そもそもポジションに空きがなければ希望は通らないし、空きがあったとしても、人事が「この人は別の部署に配置するほうが力を発揮してくれそうだ」と考えれば、そっちに配属される。それだけの話です。だからむしろ、希望が通らないことをそう重く考えることはないのです。
周りの人が「なるほど」と思うのがいい人事
みなさんを落胆させようとして言っているのではありません。いい人事とは、本人にとっては予想外で、周りの人は納得する人事です。むしろ、人事異動において個人の希望が通る会社は危ないとさえ思っています。
もっと言えば、職種別採用だって危ない面があります。まだ仕事をやったことがないのに、自分に合った仕事かどうかがわかるわけないですよね。それなのに学生に選ばせたところで、「ハズレ」である場合がほとんどです。
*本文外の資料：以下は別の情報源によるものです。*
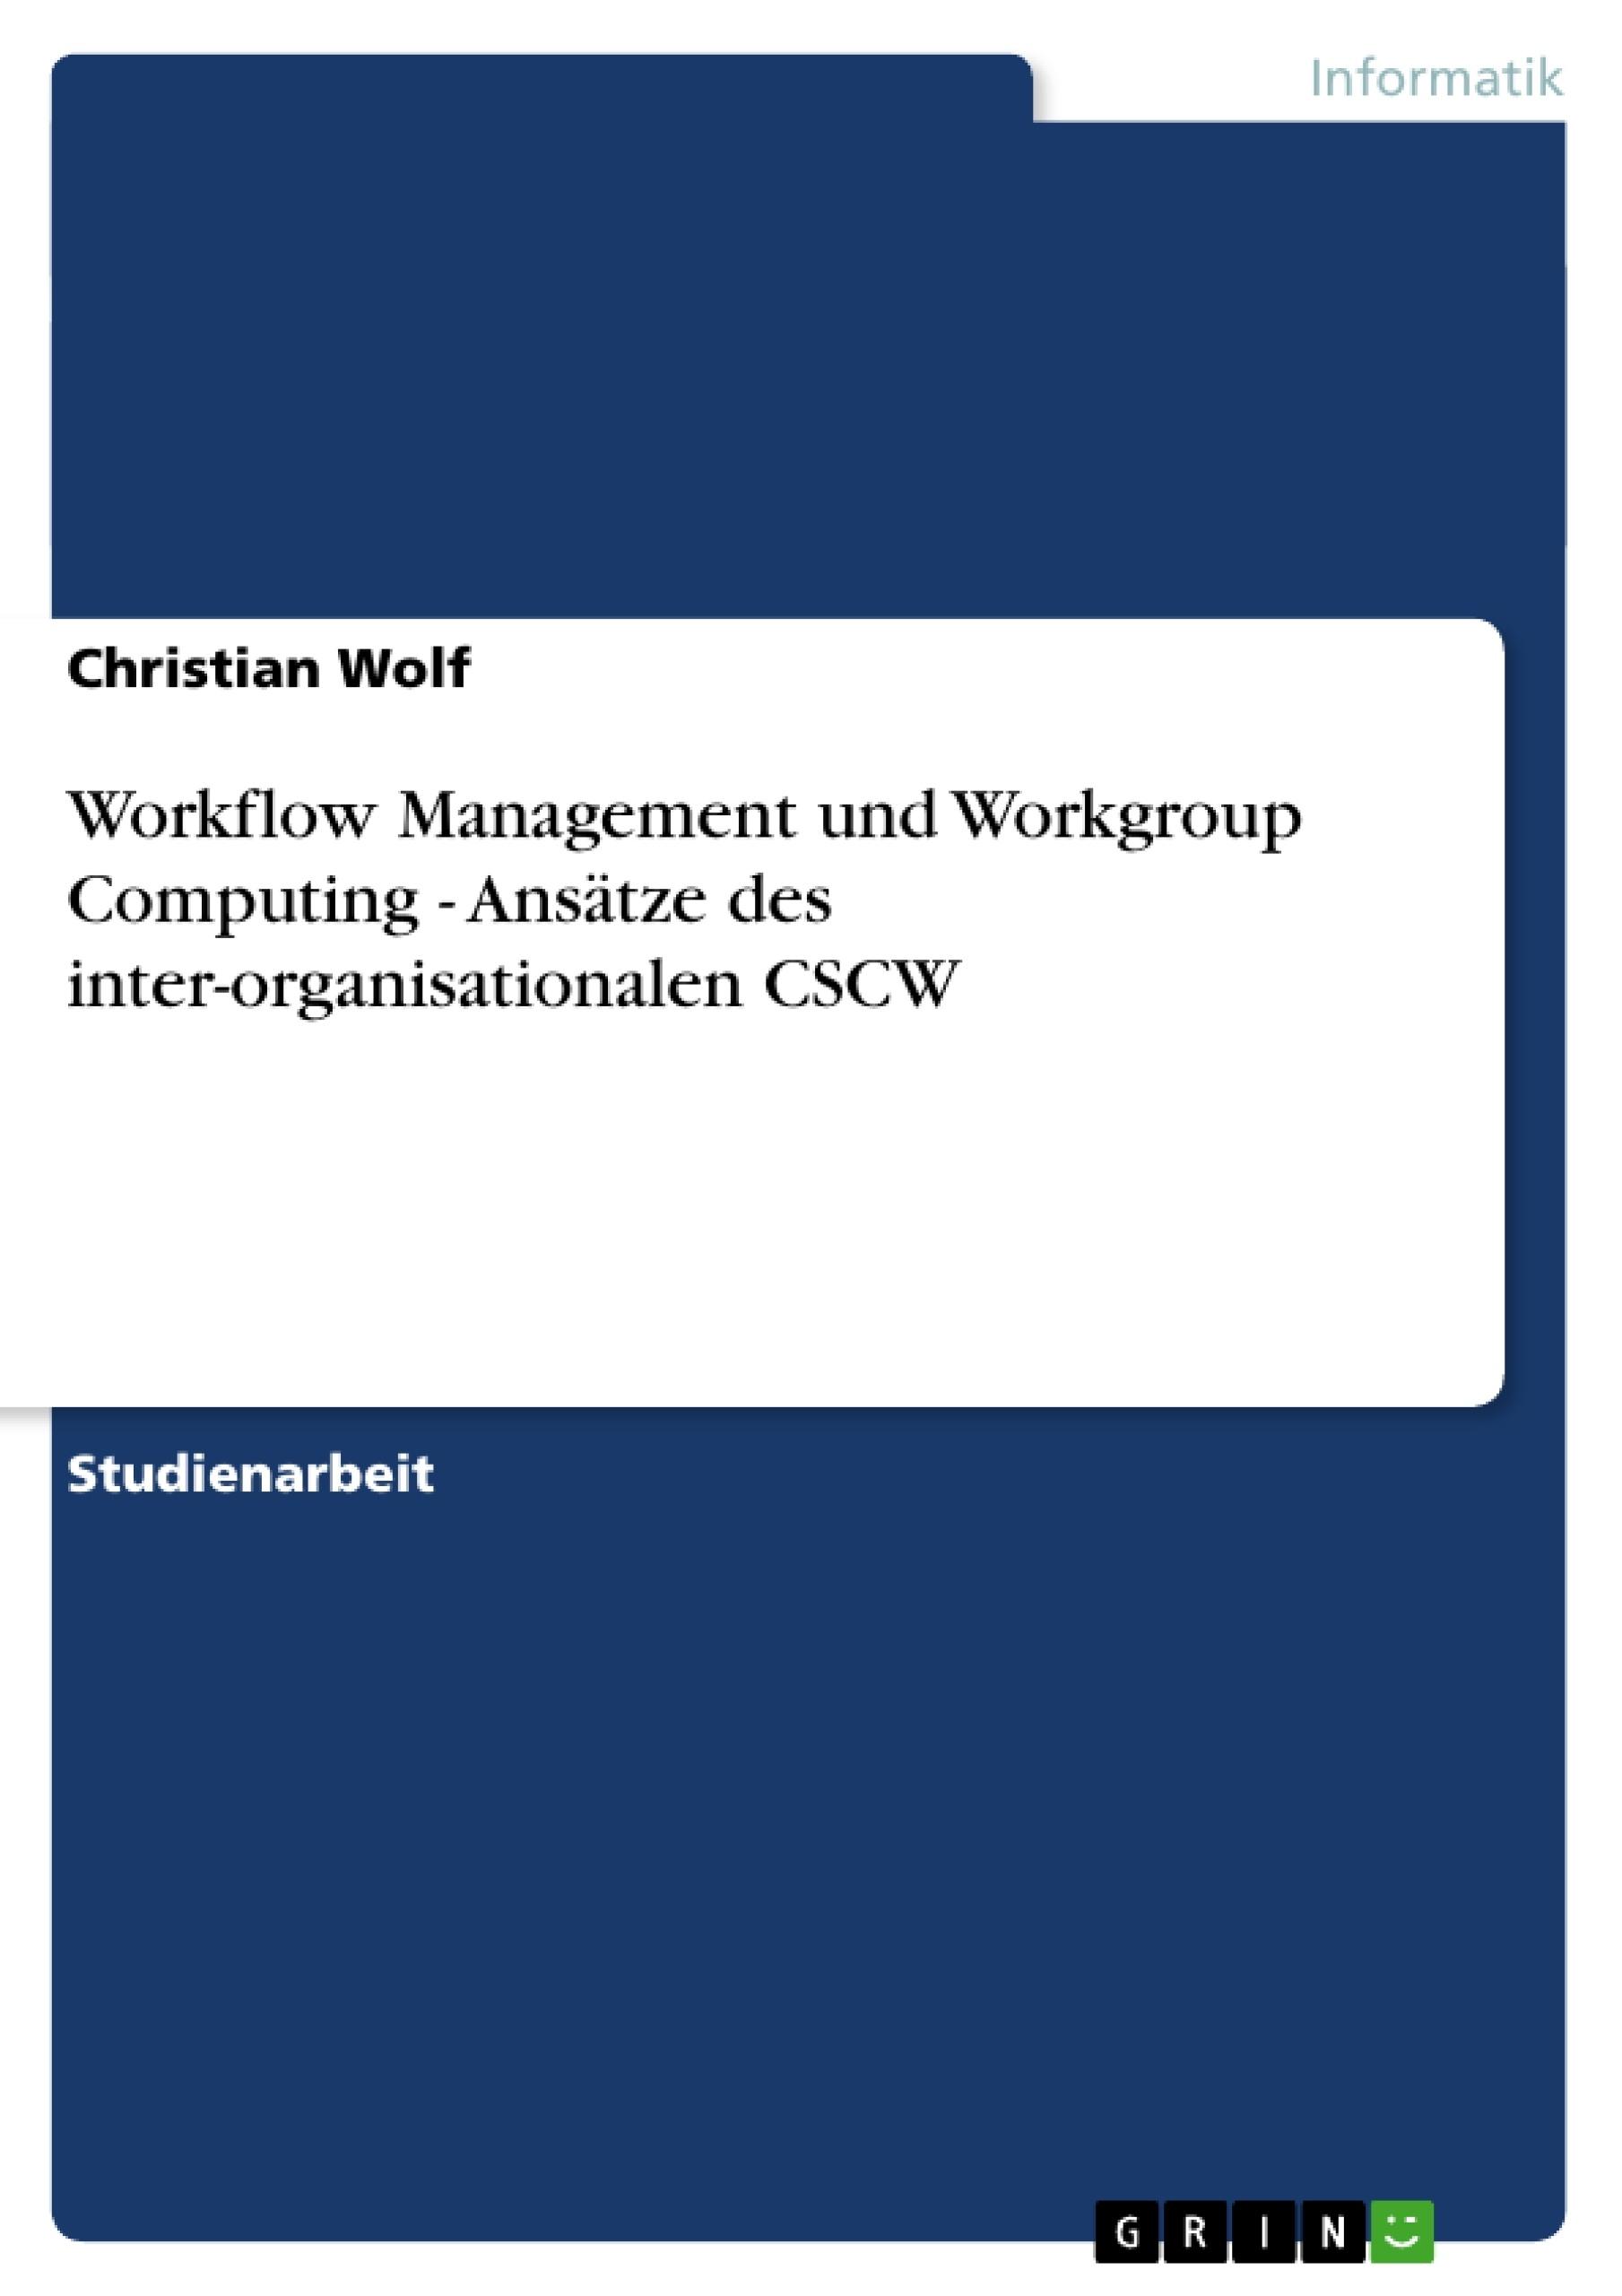 Titel: Workflow Management und Workgroup Computing - Ansätze des inter-organisationalen CSCW

実際に昔、「学生の売り手市場で、なかなかいい人材が採れない」ときに、ある会社が苦し紛れに「理系の人は全員、研究所に配属します」という策を打ったことがあります。でも理系だからといって、みんなが研究に向いているというわけではありません。配属されてから、成果をあげられるかどうかも未知数です。案の定、その取り組みは失敗して、2、3年でやめたようです。
「正しいと思い込む」のが得策
ただし、強い希望があるなら、一応は主張してみてもいいでしょう。何人かの候補がいたとして、人事としては「誰でもいい」「どこに配置してもいい」というようなシチュエーションも稀にはあるからです。
それでもし希望が通れば「やった!」と喜ぶ。通らなかったとしても、「人事の判断が正しい」と思い込む。そういう姿勢でいるのが良いように思います。そのほうが「望まない人事」に心を煩わすこともなくなるでしょう。
現実問題、人事の判断が正しいかどうかはわかりませんが、少なくとも本人より人事のほうが全体のことをわかって配置しているので、ここは「正しいと思い込む」のが得策なのです。